Now let's score the model again.

In [None]:
model.score(x_test, y_test)

That's *much* better, but we might be able to improve the accuracy even more by tuning the model's hyperparameters.

## Tune the hyperparameters

One way to find the optimum combination of parameters provided to a learning algorithm in scikit-learn is to use *GridSearchCV*, which trains the model multiple times with all the different combinations of parameters that you specify.
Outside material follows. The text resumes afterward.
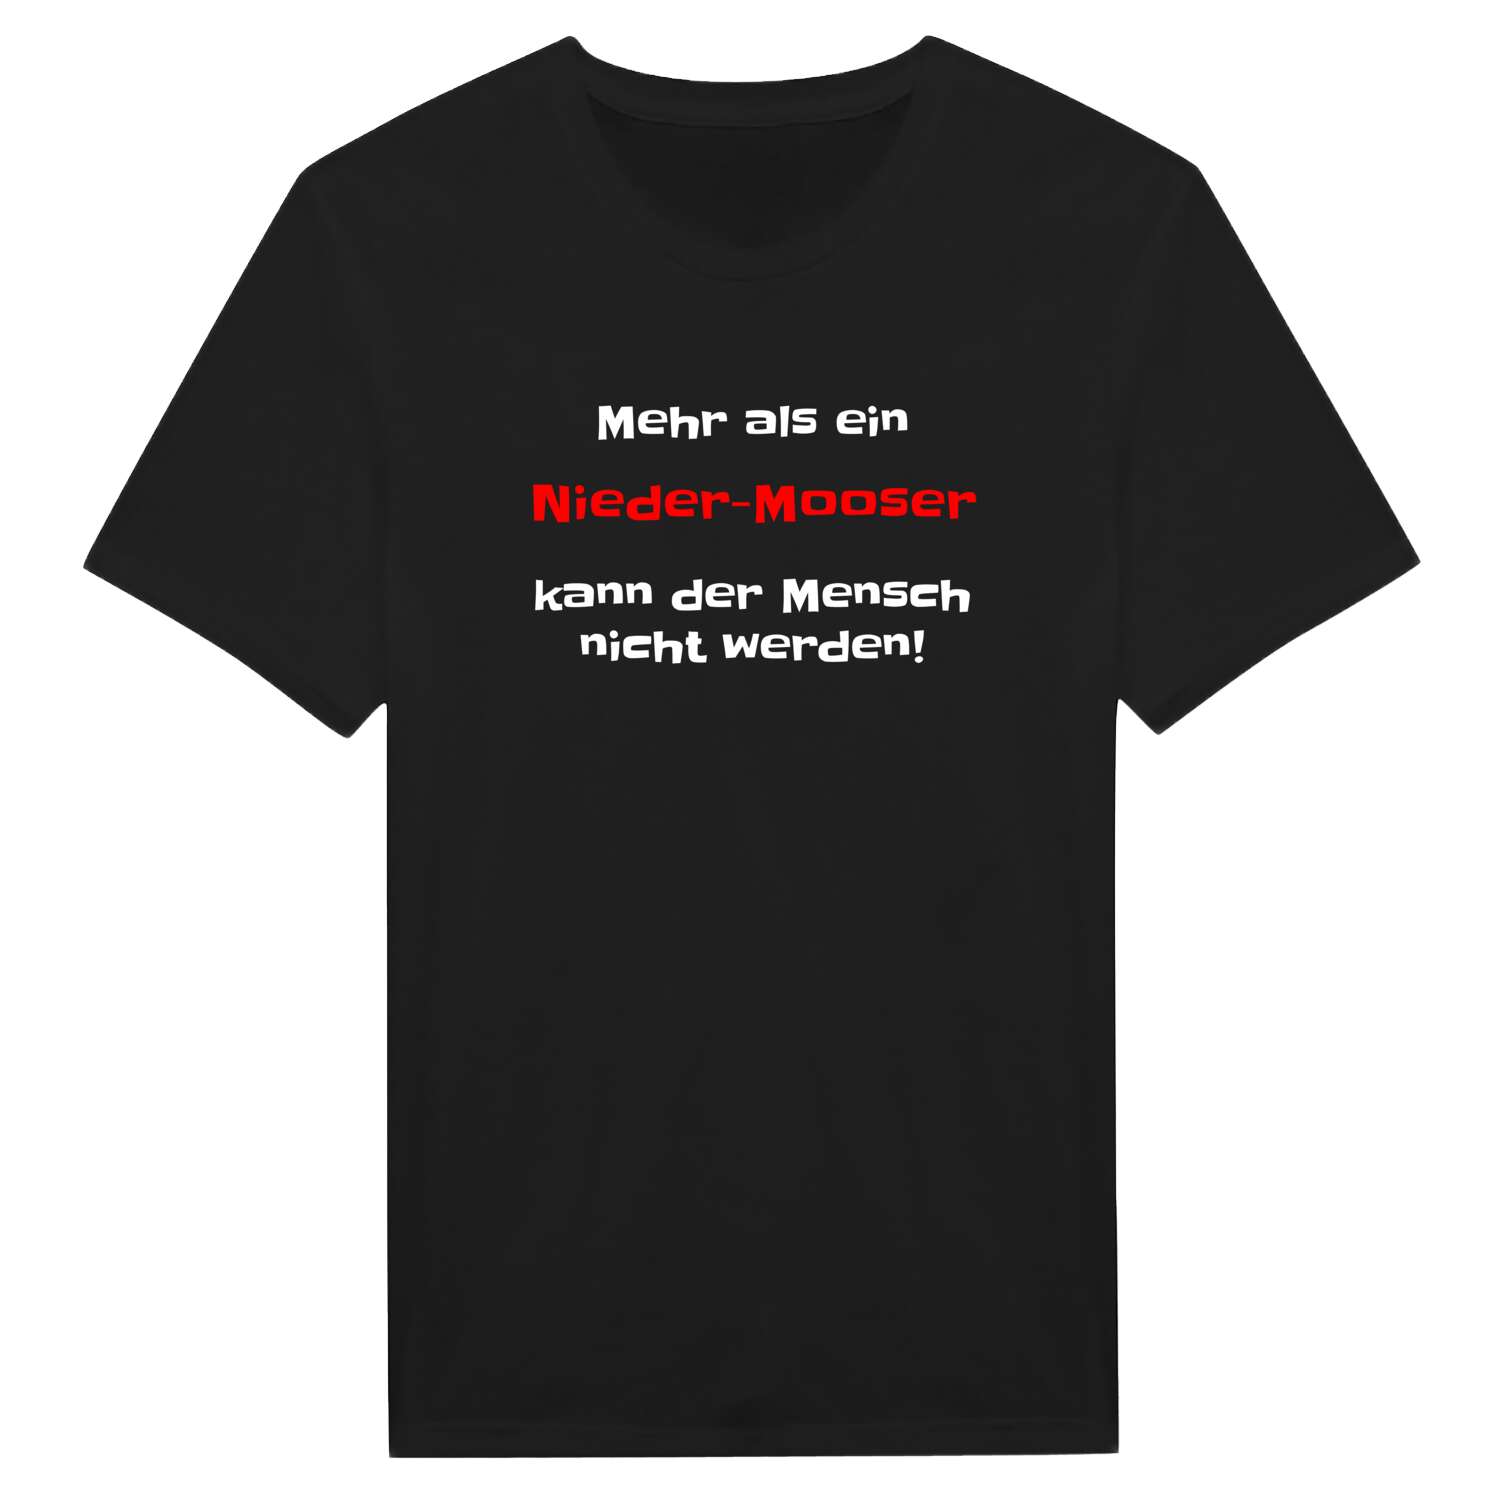 Nieder-Moos T-Shirt »Mehr als ein«
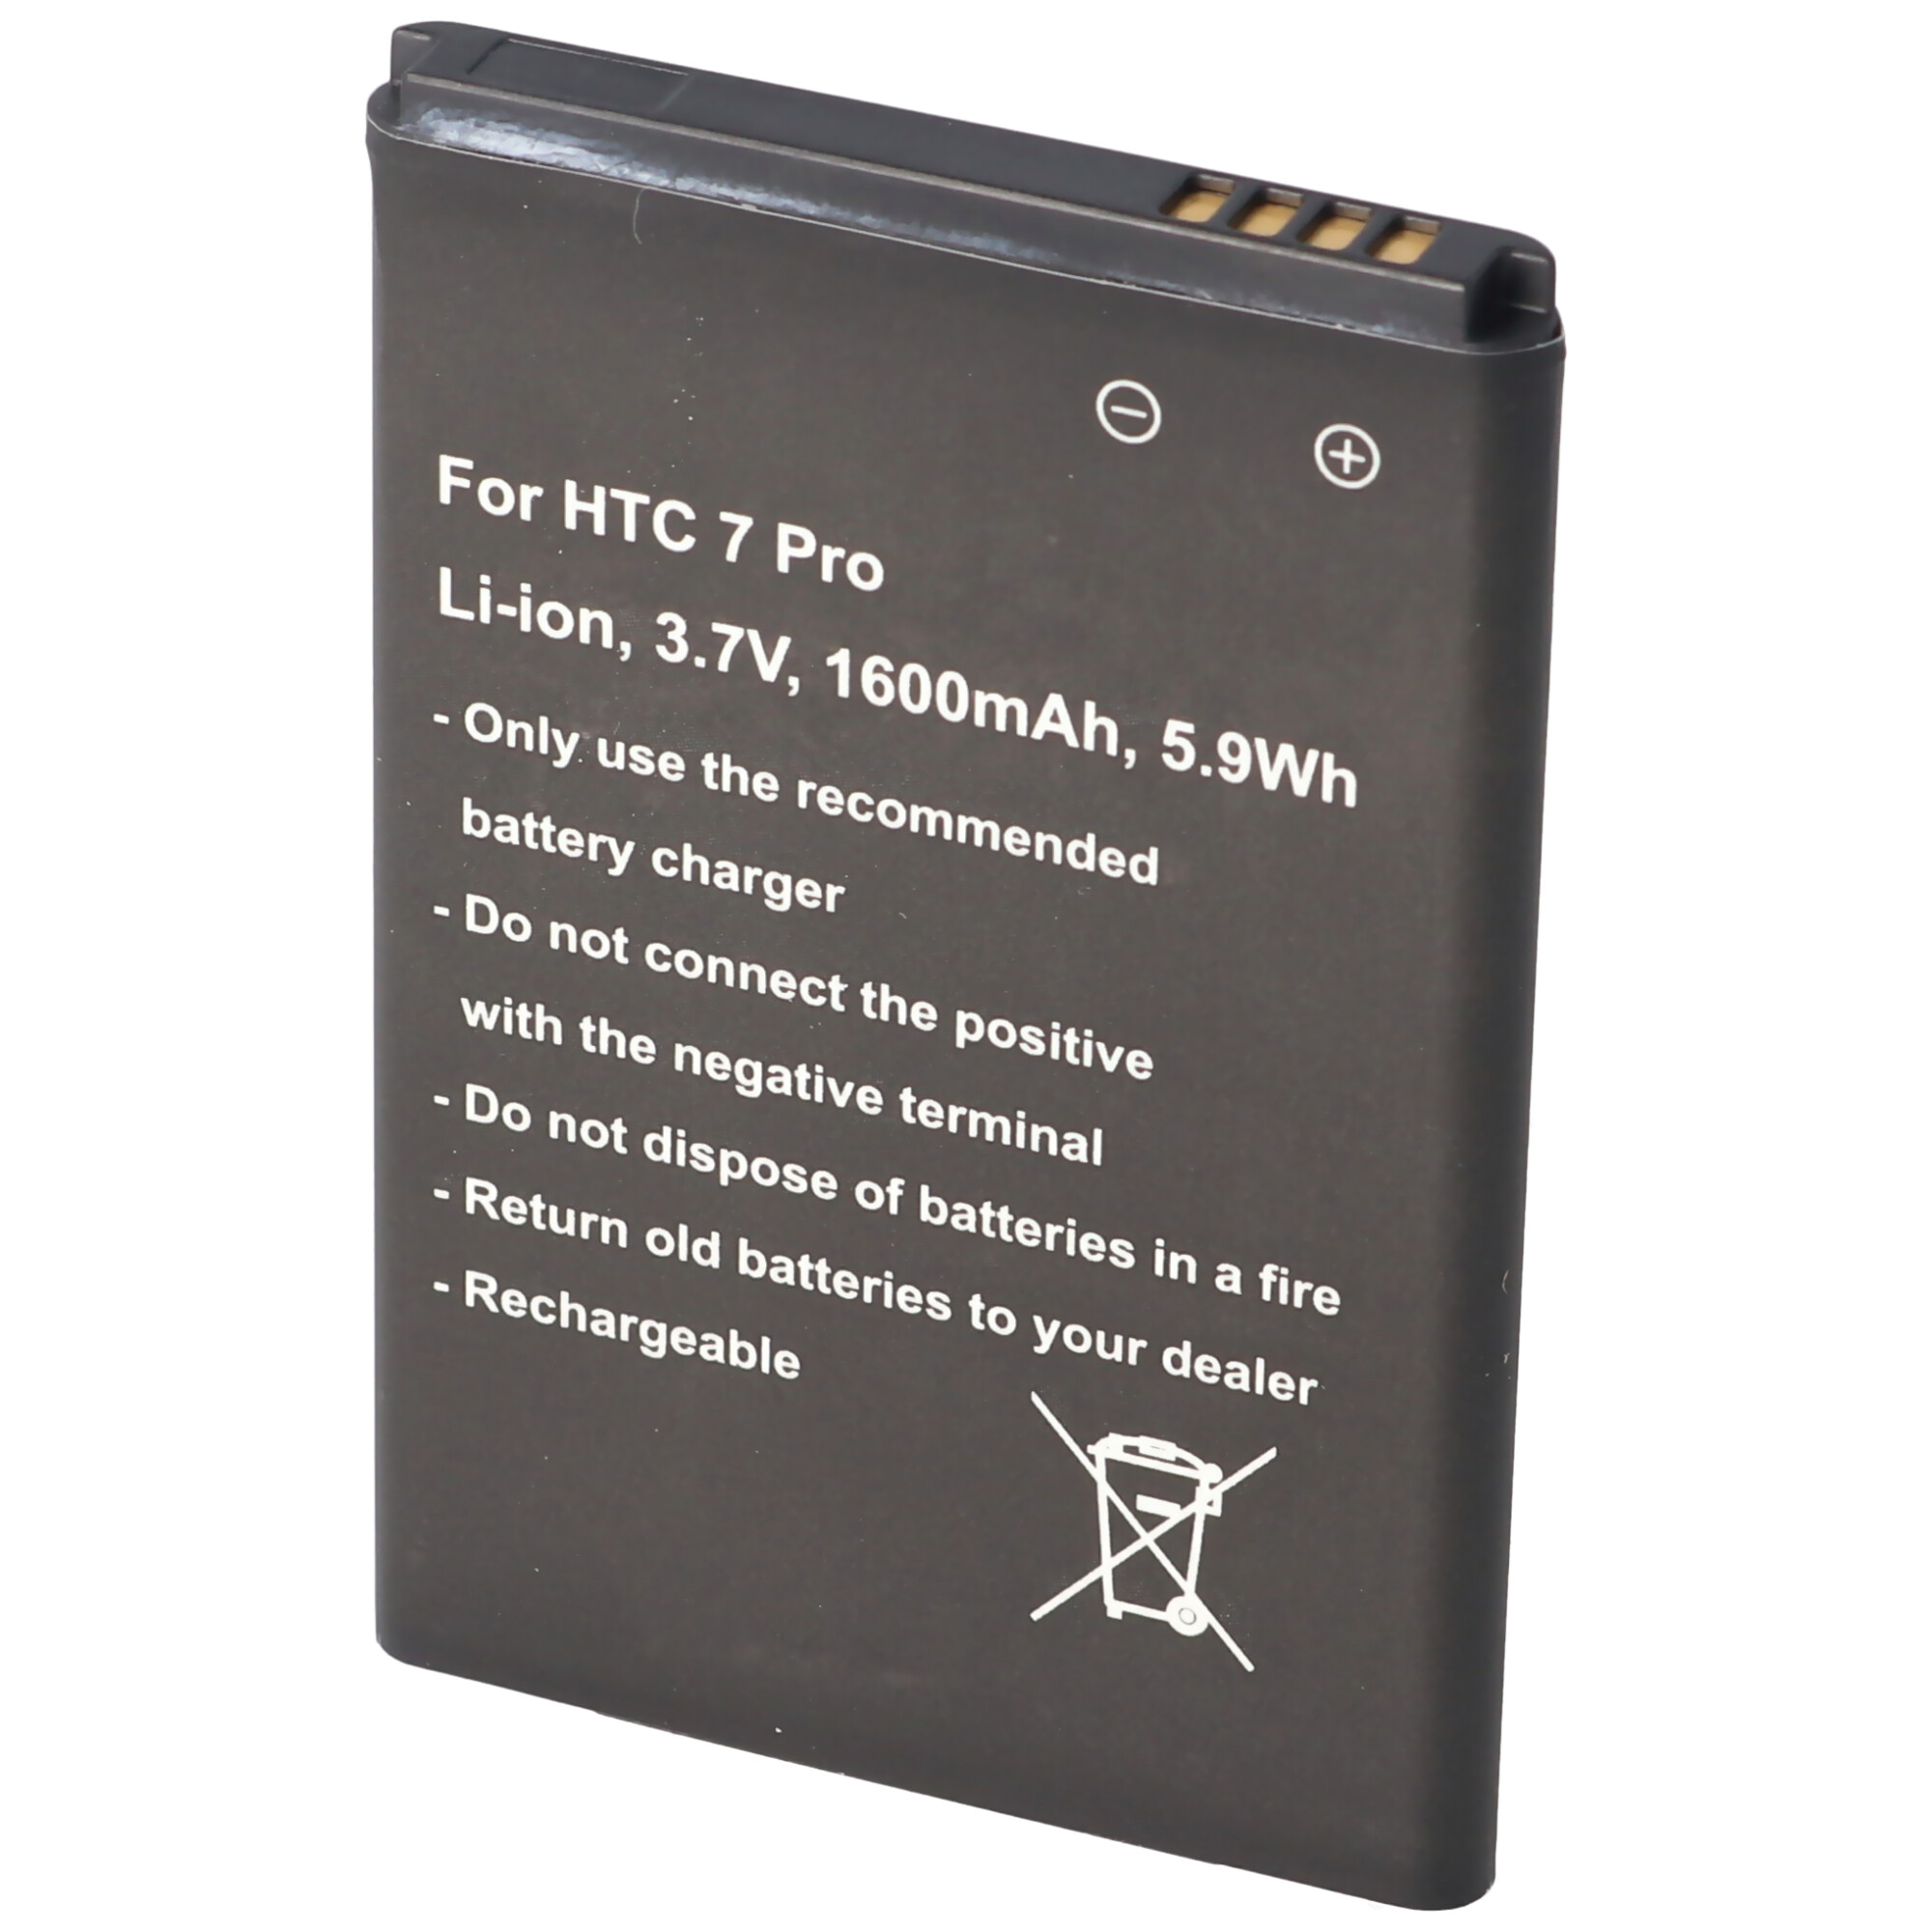 Akku passend für HTC 7 Pro, Li-Ion, 3,7V, 1600mAh, 5,9Wh

Let's use *GridSearchCV* to find the optimum values for the SVM's *C* and *gamma* parameters, which tend to have an important effect on SVM models. Note that training will take longer now because the model will be trained 16 times. (Good thing we reduced the number of dimensions by almost 95% with PCA!)

In [None]:
from sklearn.model_selection import GridSearchCV

params = {'svc__C': [1, 5, 10, 50],
          'svc__gamma': [0.0001, 0.0005, 0.001, 0.005]}

grid = GridSearchCV(model, params)
grid.fit(x_train, y_train)

Now let's find out what the optimum values for *C* and *gamma* are, and replace *model* with the optimized model.

In [None]:
print(grid.best_params_)
model = grid.best_estimator_

Finally, let's see if the optimized ("hypertuned") model does a better job of recognizing faces than our original model.

In [None]:
model.score(x_test, y_test)

It appears that we improved the model's accuracy by about 2.5%. Let's print a classification report to get a more detailed assessment of the model's accuracy.

In [None]:
from sklearn.metrics import classification_report

y_predicted = model.predict(x_test)
print(classification_report(y_test, y_predicted, target_names=faces.target_names))

For clarity, let's generate a confusion matrix to see how the model *really* performed during testing.

In [None]:
from sklearn.metrics import confusion_matrix

mat = confusion_matrix(y_test, y_predicted)
sns.heatmap(mat.T, square=True, annot=True, fmt='d', cbar=False, cmap='Blues',
            xticklabels=faces.target_names,
            yticklabels=faces.target_names)
plt.xlabel('Actual label')
plt.ylabel('Predicted label')

The model correctly identified Colin Powell 49 times out of 50, Donald Rumsfeld 23 times out of 25, and so on. That's not bad. And it's a great example of Support Vector Machines at work. It would be challenging, perhaps impossible, to do this well using more conventional learning algorithms such as logistic regression.